Want to hear something embarrassing?

I made over 1,000 Super template sales without a proper post-purchase email funnel. No upsells. No follow-ups. Nothing. Just silence after the sale.

It's one of those things you know you need to do something about, but it just ends up on the back burner staring at you for months—judging you.

So this year, I finally did something about it. The implementation isn't revolutionary—it's just a simple 3 email sequence. But it's done and it offers an upsell that wasn't there before. Sometimes that's enough.

There was another bright spot this year: my Solo template for Super. It almost instantly became one of my bestsellers and people from all over the world are using it to feature their work. That's still so cool to me.

Building JASIN: The modern Amazon affiliate toolkit

The success of Solo taught me something important: when you solve a real problem with thoughtful design, people respond.

That lesson led me to my next project. Because every good product starts with a frustration.
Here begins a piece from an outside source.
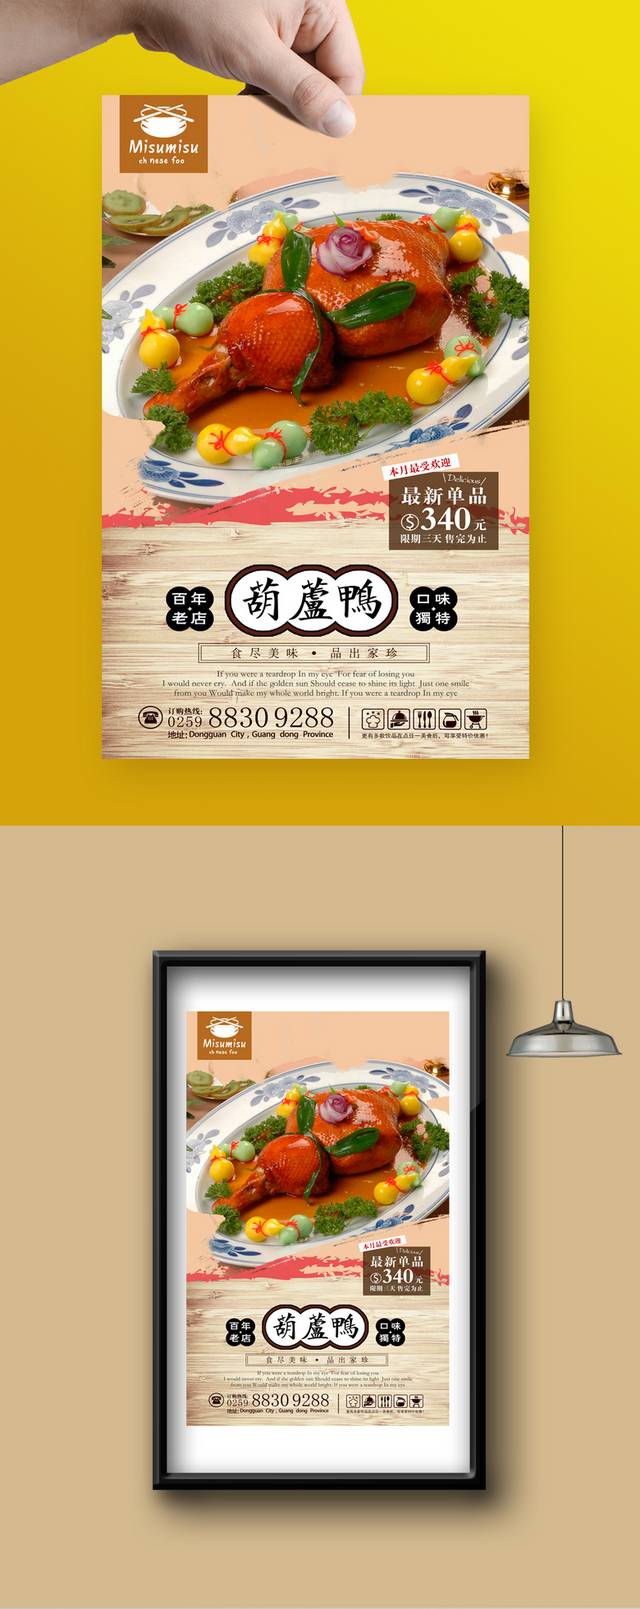 中华传统美食餐饮海报设计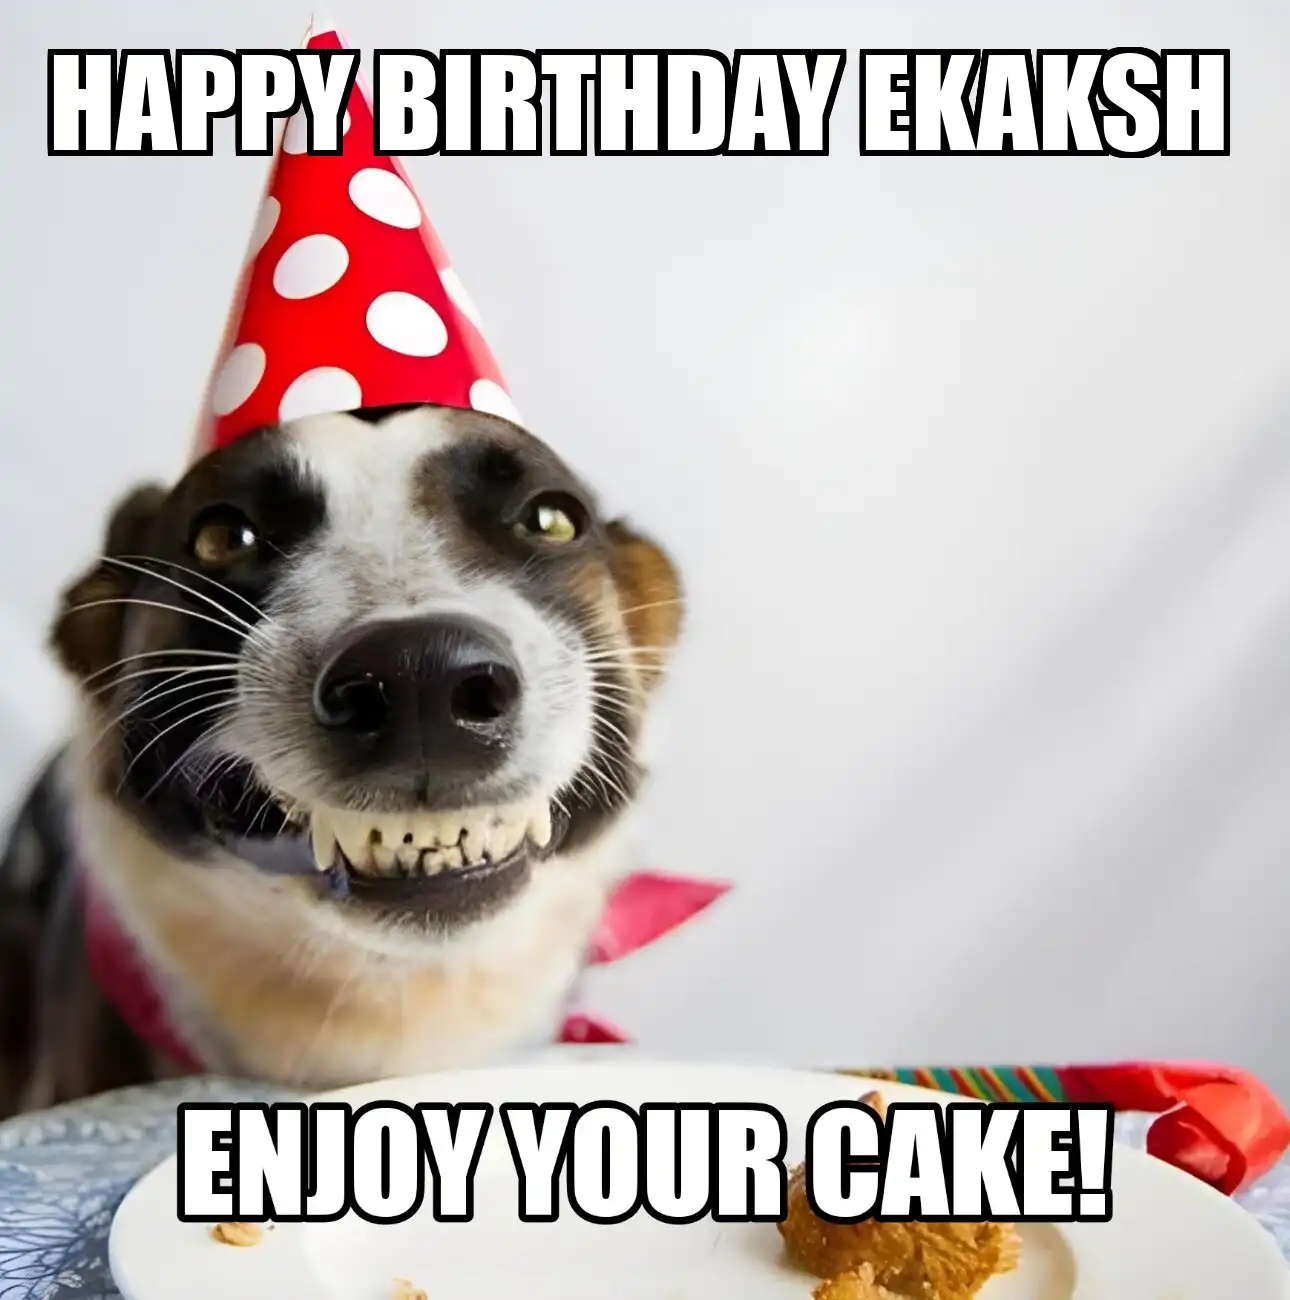 Happy Birthday Ekaksh Enjoy Your Cake Dog Meme

My frustration was with AAWP—the tool everyone uses for Amazon affiliates. Yes, it works. Yes, it does the job. But it looks and feels like it was built in a different era of the web. That's because it was.

JASIN

So in late October, I started building JASIN—a way to turn boring Amazon Affiliate links into beautifully branded templates.

It hasn't been easy to build: the Amazon API feels like it was designed by a committee that never met. Building a user-friendly interface over something that complex sometimes feels like trying to gift wrap a cactus.

But with the advancement in AI code pairing like Cursor, it's been manageable. And when you're building something you believe in, all the hard work and headaches are worth it.

Q1 2025. That's when it all comes together. I have plans to launch JASIN officially and get it in the hands of Amazon Affiliate marketers that can give me feedback and help me shape the future of beautiful, personalized Amazon listings for everyone.

The year that was...

Looking back, 2024 wasn't what I expected.

It was better.

It was about building foundations. Making connections. Learning what matters and what doesn't.

Every project, every conversation, every late-night coding session has pointed toward something bigger. Something clearer.

Not just what to build—but who to build it for.

And that's the type of progress I can be proud of.